Friday, 10 January 2014

Social Service Offices: Help in a jiffy for the needy

Social Service Offices, launched six months ago, aim to improve the way help is offered to the needy. The Straits Times spent a day at the Kreta Ayer office to find out how it is benefiting HDB towns.
By Janice Tai, The Straits Times, 9 Jan 2014

DIM street lighting made it a long and sometimes fearful walk home for elderly residents of the Jalan Kukoh estate.

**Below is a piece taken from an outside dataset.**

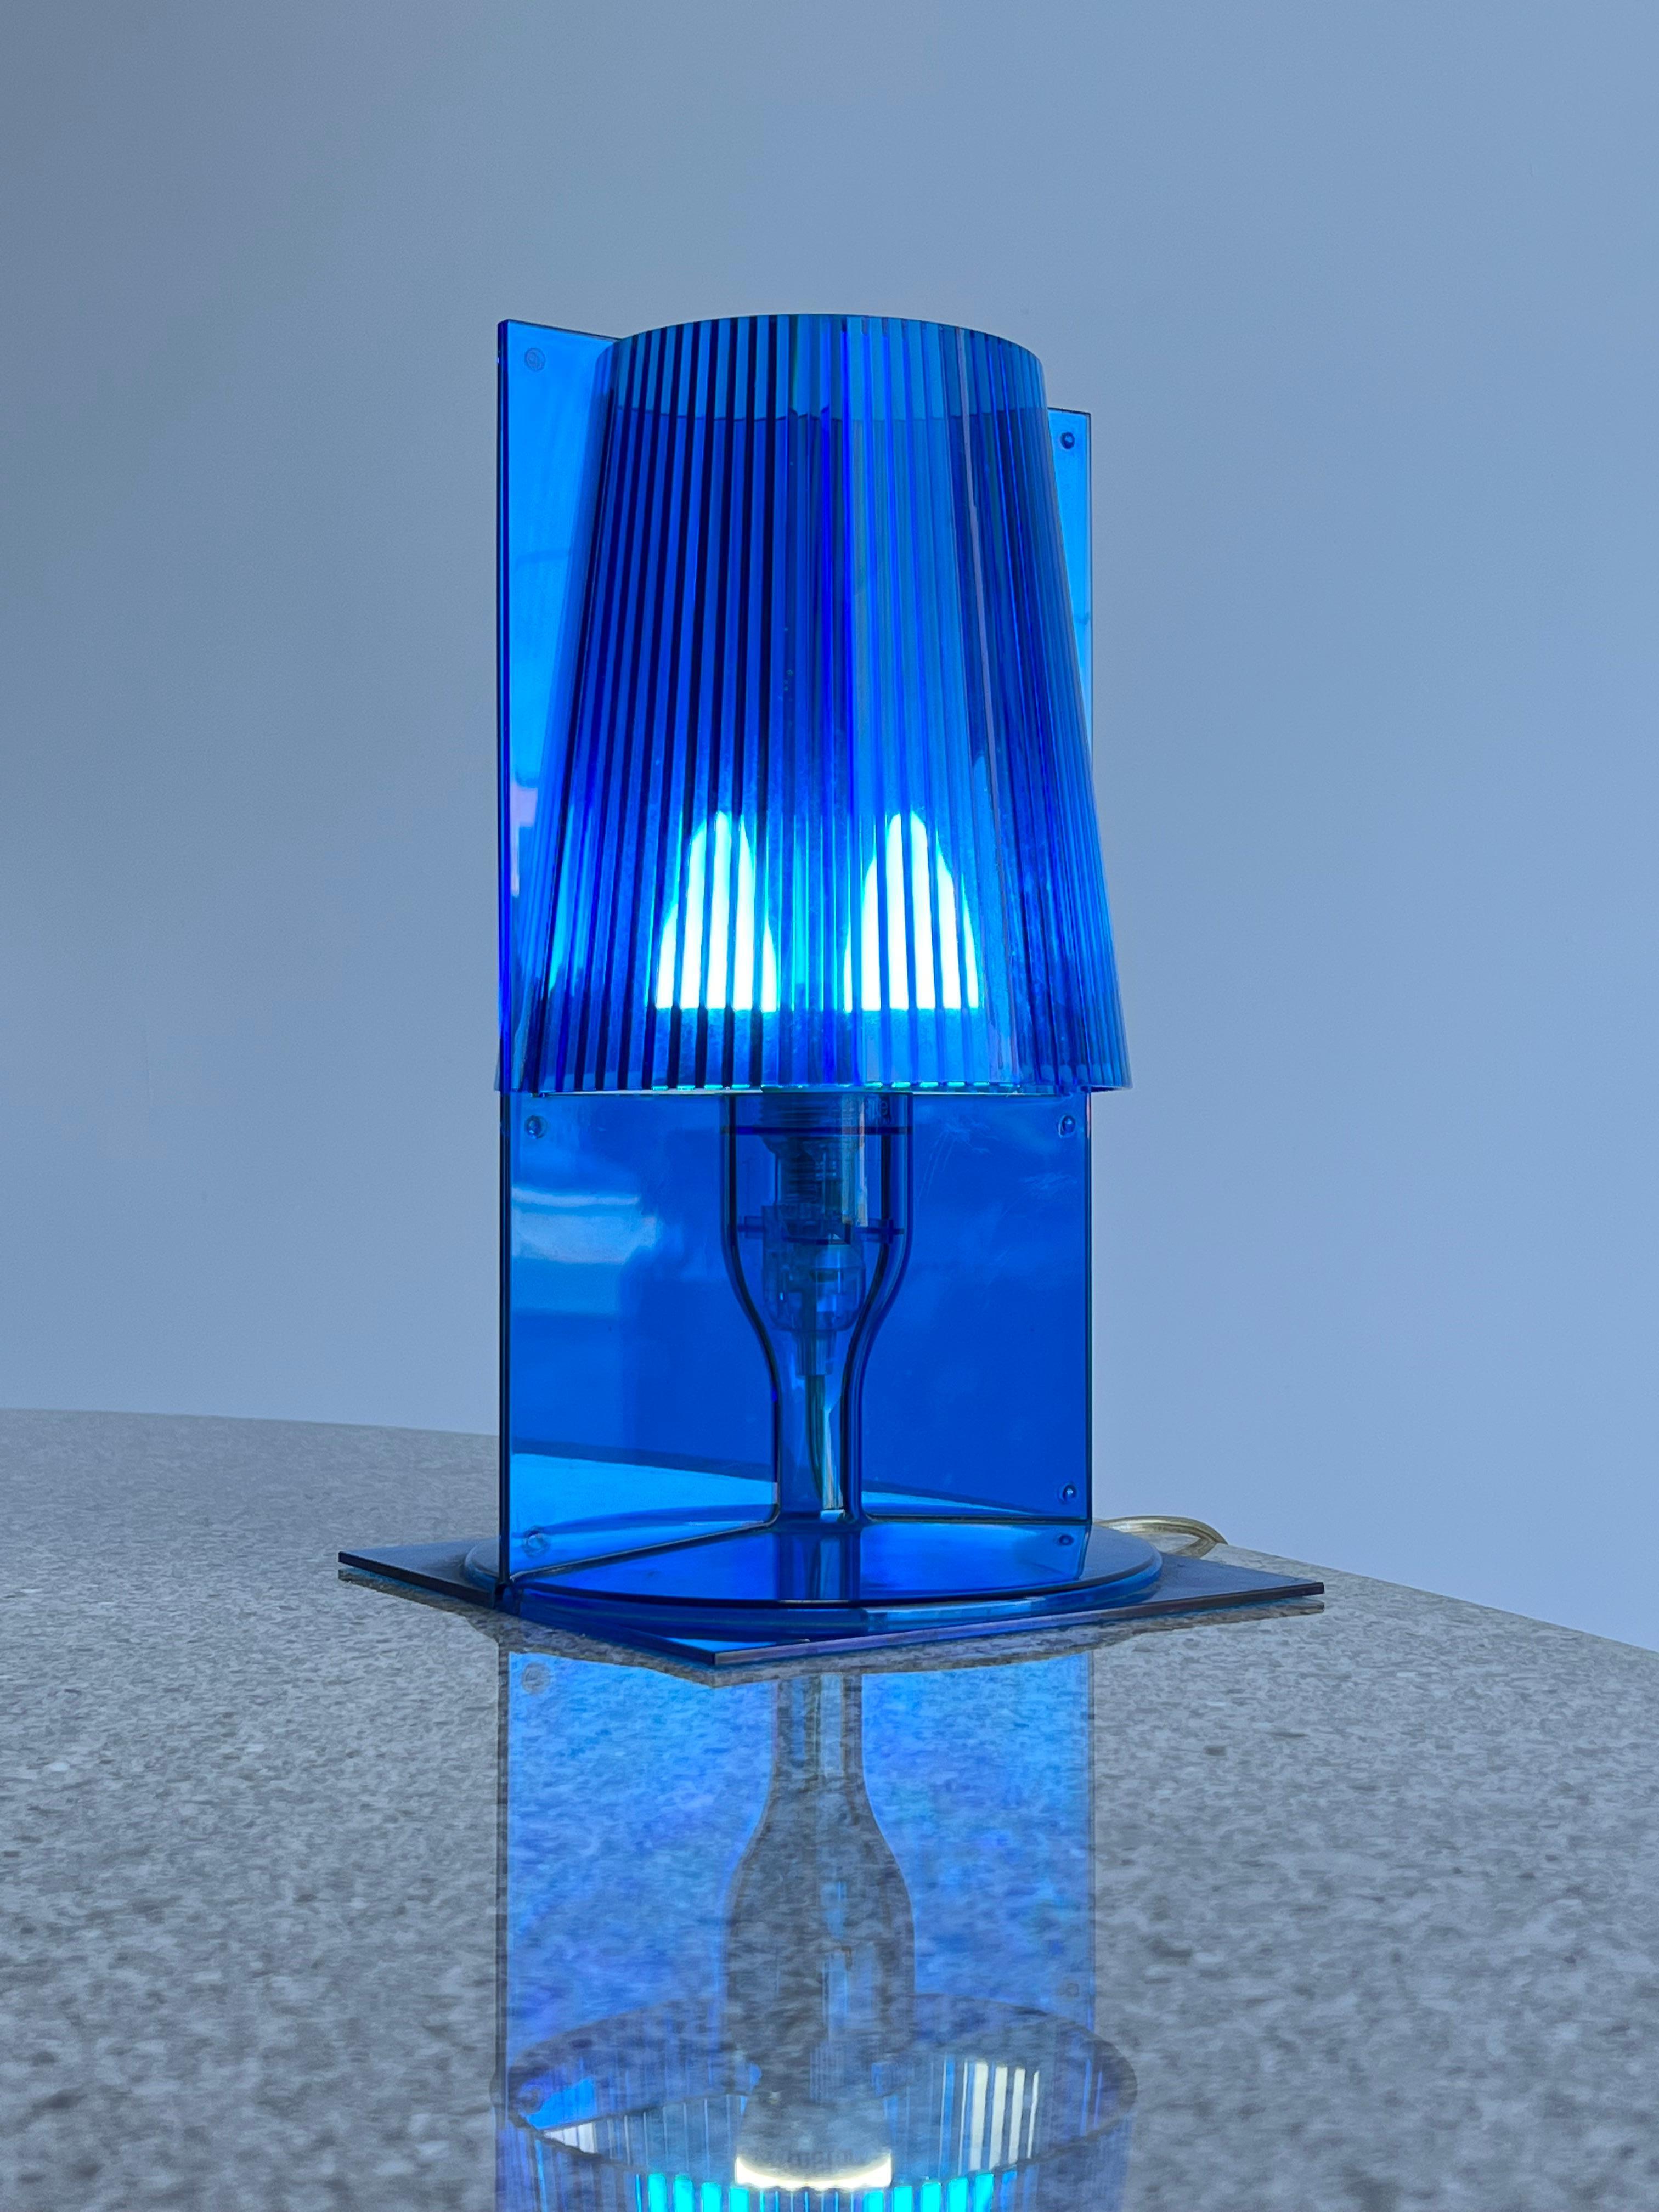 Plastic Ferruccio Laviani for Kartell Italian Table Lamp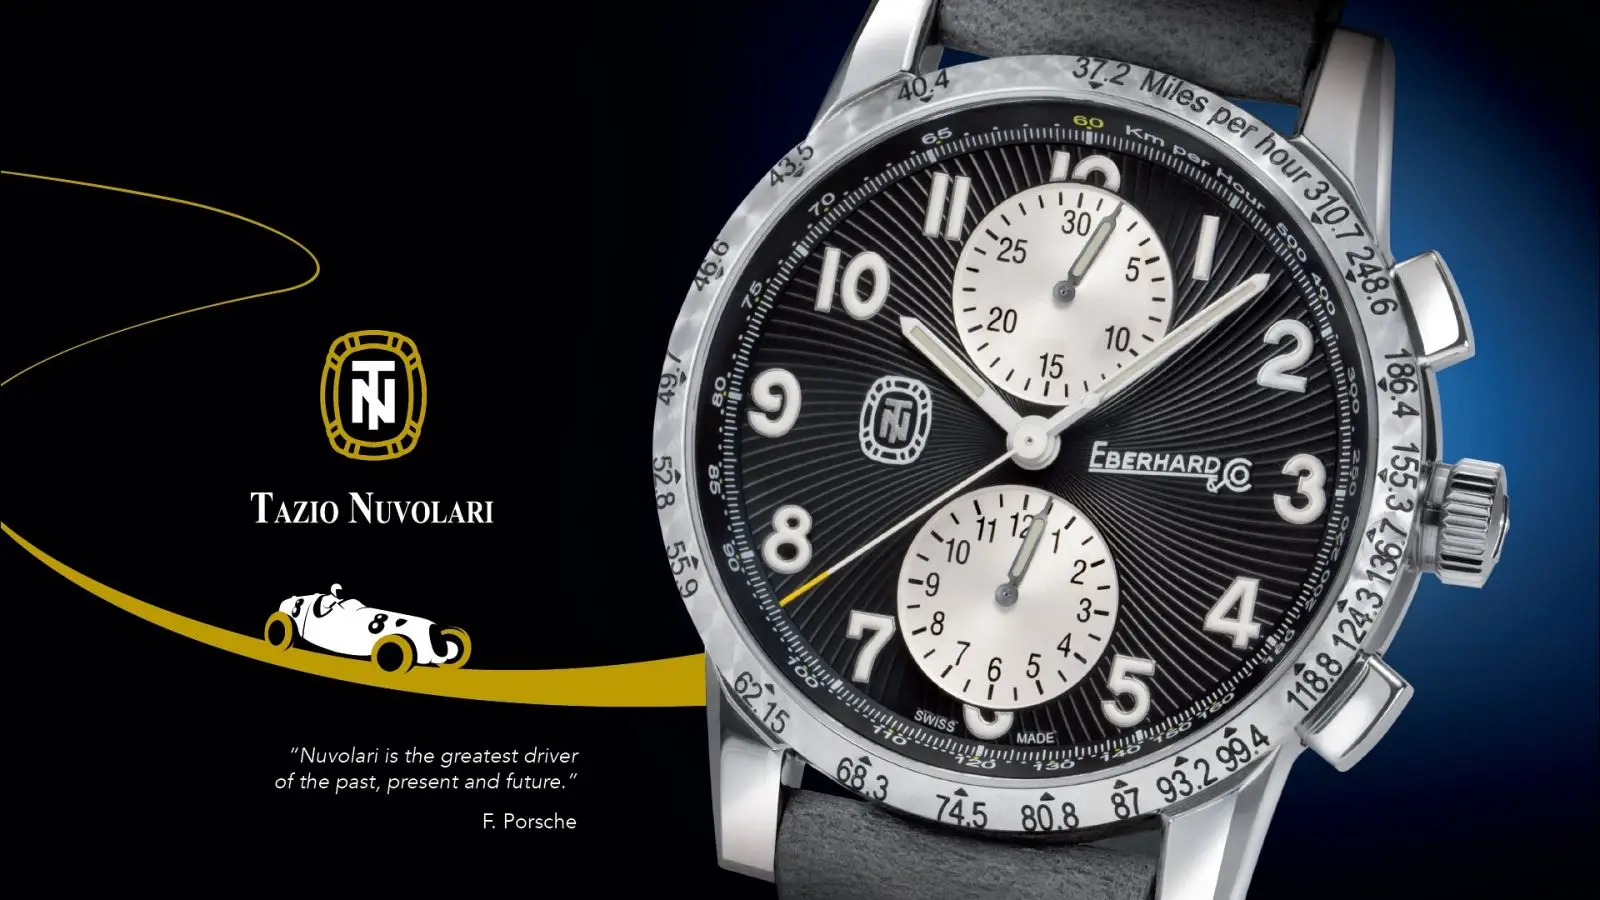 Legendarny kierowca, emblematyczna kolekcja zegarków. Eberhard & Co Tazio Nuvolari

For younger ones it made the area unwelcoming, and those who did visit would do so only to smoke or loiter inconspicuously.

Last October, the residents' committee raised the matter with community partners such as the Housing Board and Tanjong Pagar Town Council, and brighter lights were installed within a month.

It was one of many changes brought about within the estate after the Kreta Ayer Social Service Office (SSO) at Sago Lane was opened last July in an effort to bring help closer to those who need it.

The office, which oversees the Bukit Merah and Outram area, is one of 10 set up by the Ministry of Social and Family Development last year.

Offices in Bukit Merah, Choa Chu Kang and Boon Lay opened last month and others will be set up in Ang Mo Kio, Bedok, Queenstown and Sengkang by June.

The plan is to create a network of 20 such offices - one for each of the bigger HDB towns - in the next two years. They will administer the area's financial and social assistance programmes and act as coordinators and planners of social services.

MP for Tanjong Pagar GRC Lily Neo said needy residents also benefited when she referred around 100 cases to the Kreta Ayer SSO after talking to them at her Meet-the-People sessions.

"Their applications get processed and they get interviewed within two weeks - unlike in the past when it would have taken at least one month," she said.

Since it opened, the office has handled 2,700 cases seeking financial and other assistance.

About 80 per cent of the applications received last year came from walk-ins or self-referrals. The rest were referred by community partners such as voluntary welfare organisations.

Residents with several needs are linked up with other help agencies such as hospitals, HDB branch offices and senior activity centres.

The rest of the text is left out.